Из всех политических течений Потомок отдавал предпочтение анархизму. Зря читатель думает, что анархизм - это полусгнивший и покрывшийся вековой пылью сундук князя Кропоткина. Хоть и на задворках политической жизни, анархизм жив и продолжает развиваться, выпуская на свет Божий новые ростки. К традиционным ветвям присовокупились теперь анархо-феминизм, зелёный анархизм, квир-анархизм. Приверженцы последнего не желают давать в обиду секс-меньшинства.
В такой вот компании под чёрными знамёнами анархии мой супруг и отправился осуществлять свои гражданские свободы.

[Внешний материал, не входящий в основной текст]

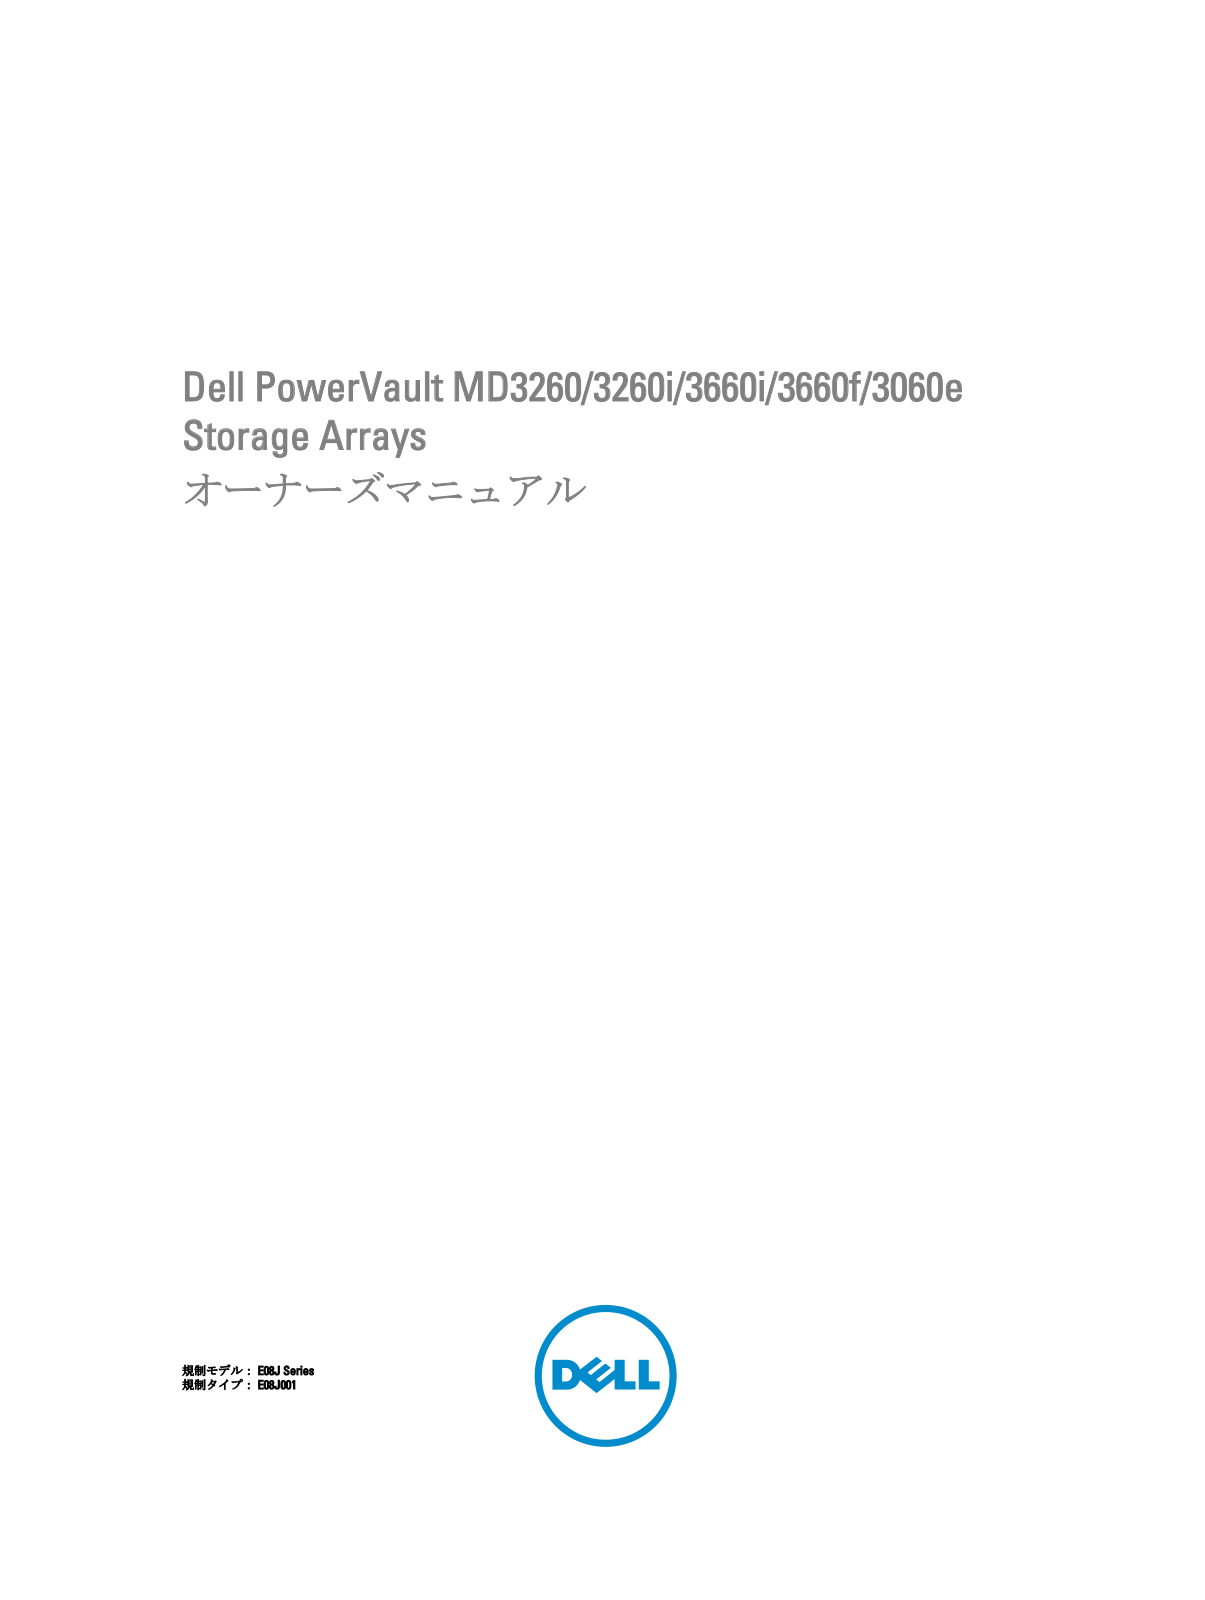 Dell MD3260, 3260i, 3660f, 3060e, 3660i User Manual

Политические баталии интересовали меня мало. Гораздо больше беспокоили раздрай и смятение, поселившиеся в душе с некоторых пор. Машинально нарезая овощи, чтобы приготовить суп ушедшим на мороз борцам за справедливость, я пыталась определить, когда, в какой момент, где та точка, начиная с которой моё чувство к Максиму перевалило за рамки примитивного сексуального желания? В тот миг, когда я решила не звонить Антуану, несмотря на неприятности, доставляемые Алисой? Или тогда, когда Максим прислал мне взволнованное и нежное письмо после моей ссоры с его спаринг-партнёршей?

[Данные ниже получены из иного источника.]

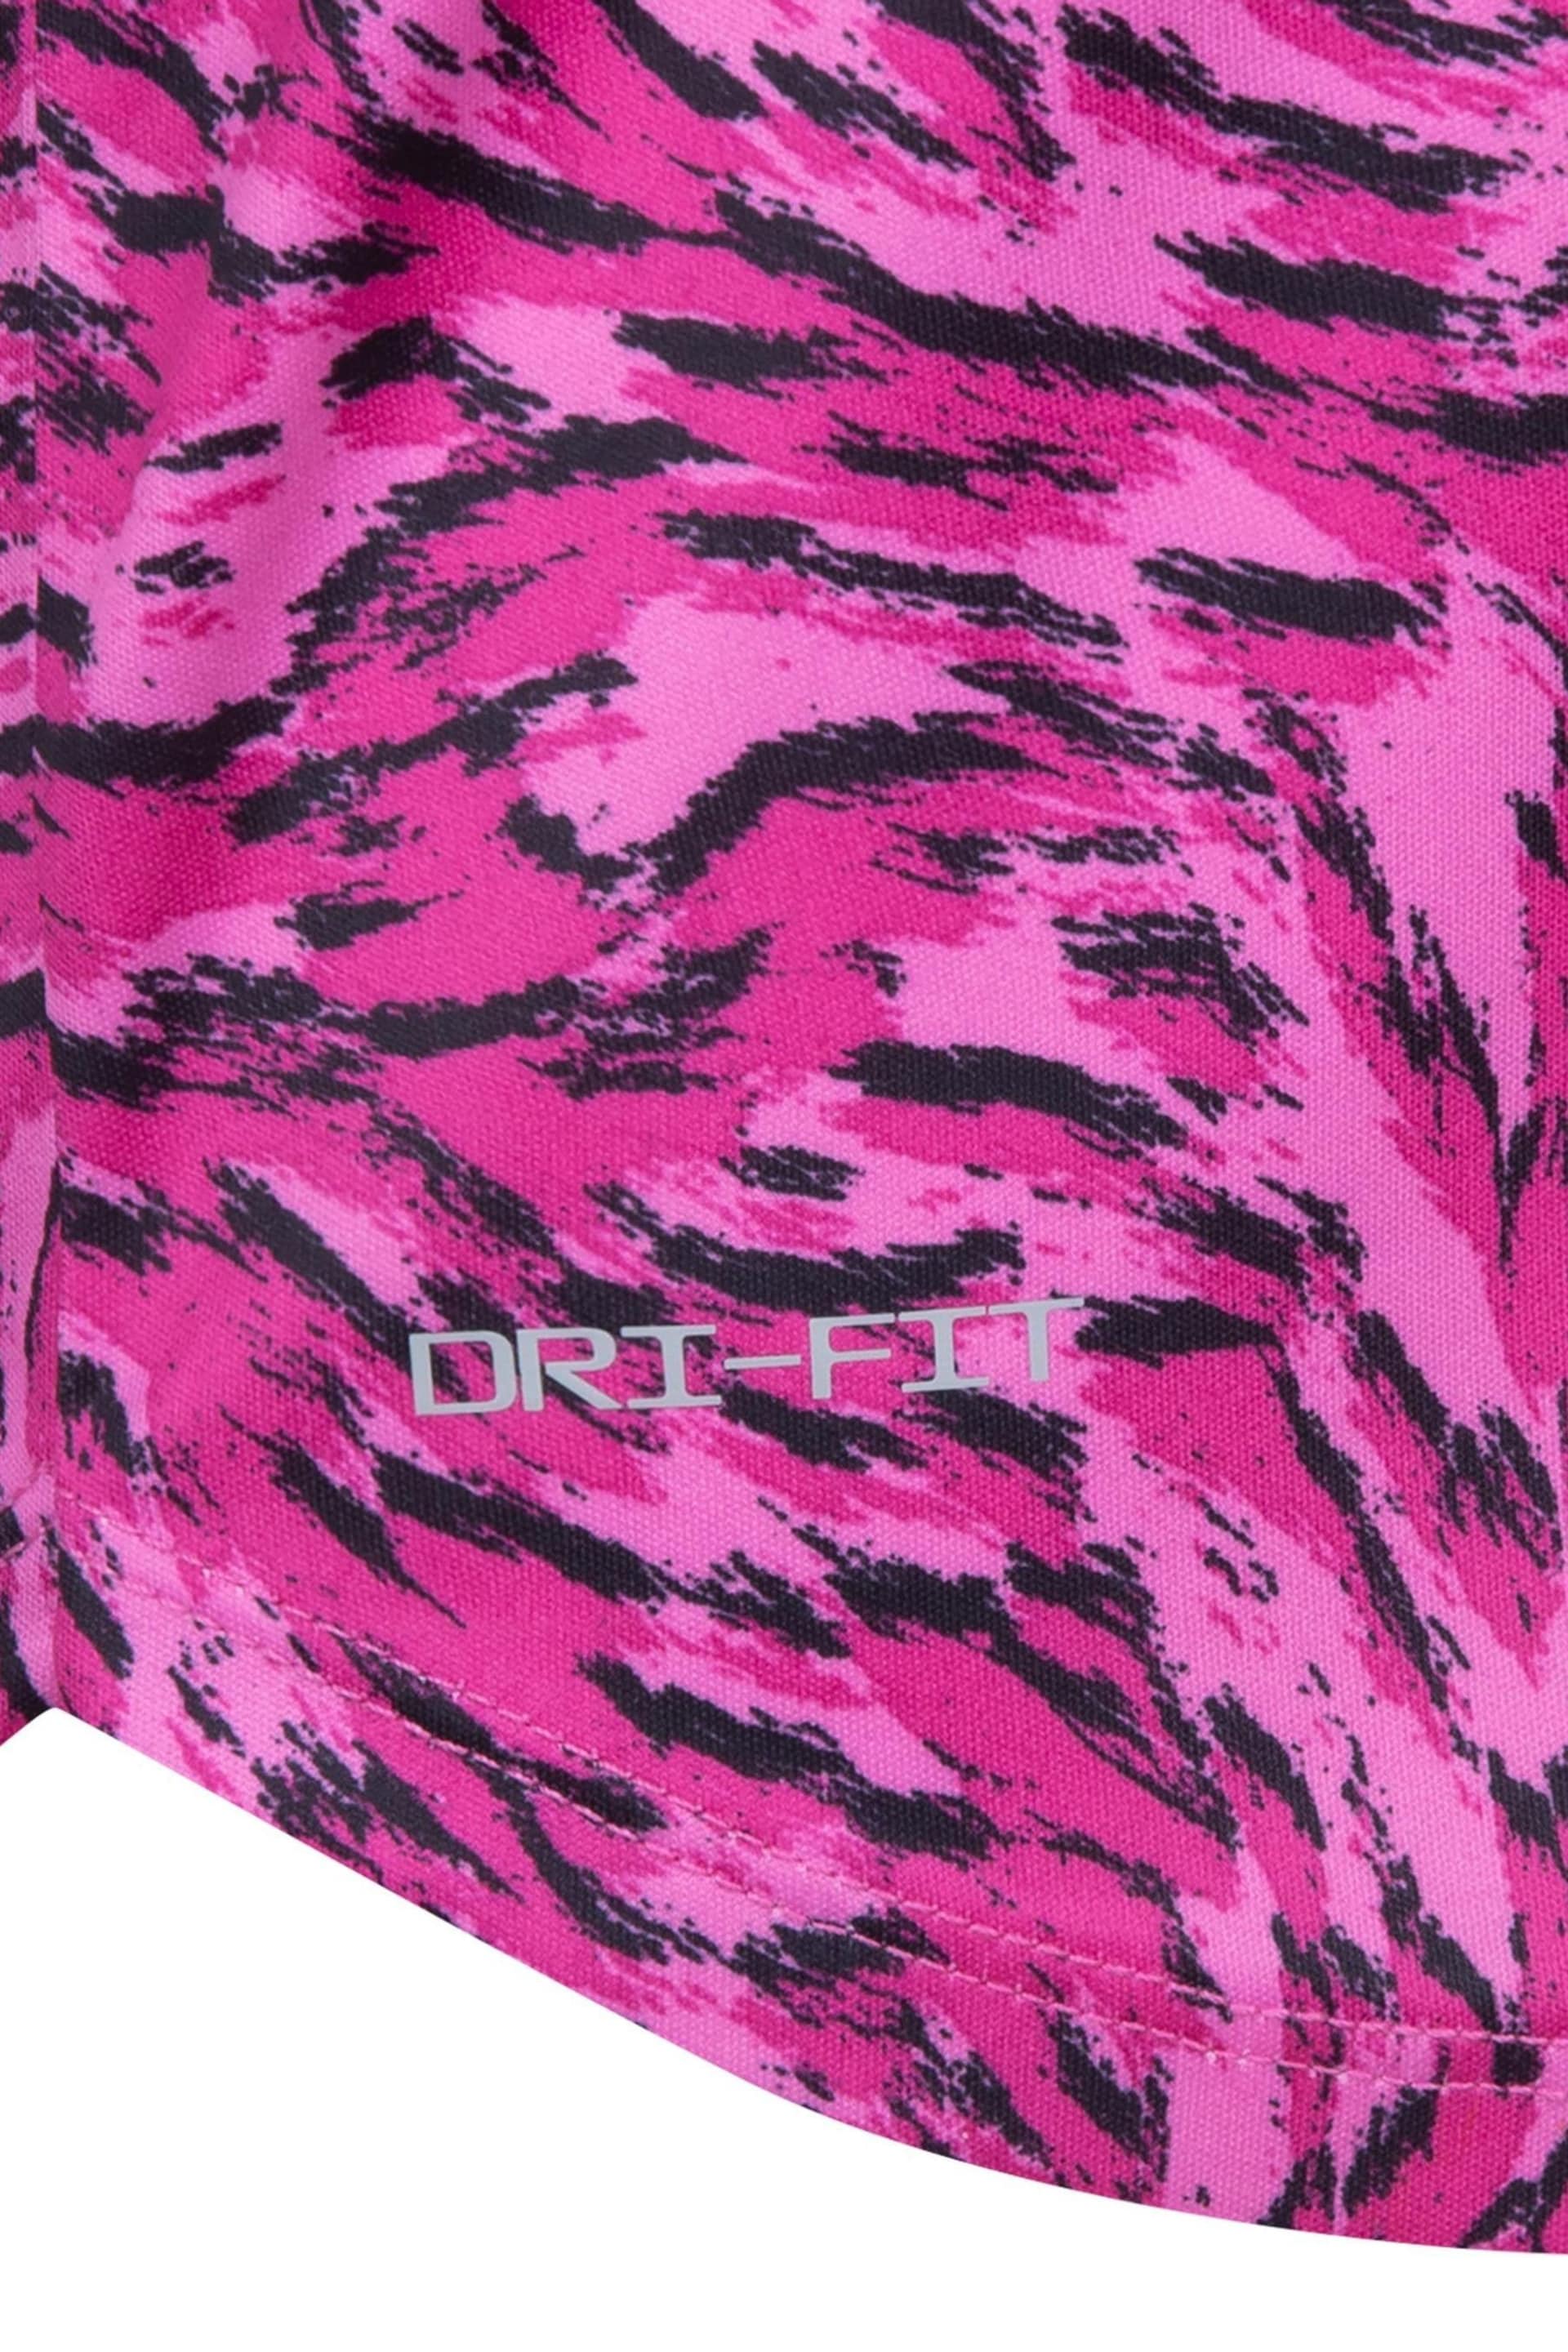 Nike Pink Little Kids Veneer Vest and Shorts Set - Image 5 of 7

Ох, Алиса... чем дальше, тем больше я ощущала от общения с ней тупую усталость, наползавшую как плотный туман, сквозь который, как ни напрягайся, не видно ни зги. Алиса понимает и всегда понимала, что её характер, поведение, взгляды на жизнь и на окружающих делают рабочие и личные контакты с ней крайне напряжёнными. Кроме того, её безусловно мучили нереализованные амбиции живущего внутри маленького наполеончика, который сердито расхаживал туда-сюда, помахивая саблей и требуя : "Plus vite, plus vite!" (Быстрее, быстрее - франц.) Время идёт, а она по-прежнему на берегах Москва-реки, а не между Сеной и Лаурой (эту географическую новость сообщил на днях один тележурналист). И нет у нёе ни мужа - будущего выдающегося генерального директора или президента, ни перспектив работы во Франции. Алиса нервничала, но всё понимала, она предпринимала усилия по укрощению своего агрессивного темперамента, даже обращалась к книгам по психологии... однако воз не двигался с места. Она была как Ванька-встанька, который как его ни гни, как ни укладывай, непременно вскочит, и при этом ещё и даст вам по рукам.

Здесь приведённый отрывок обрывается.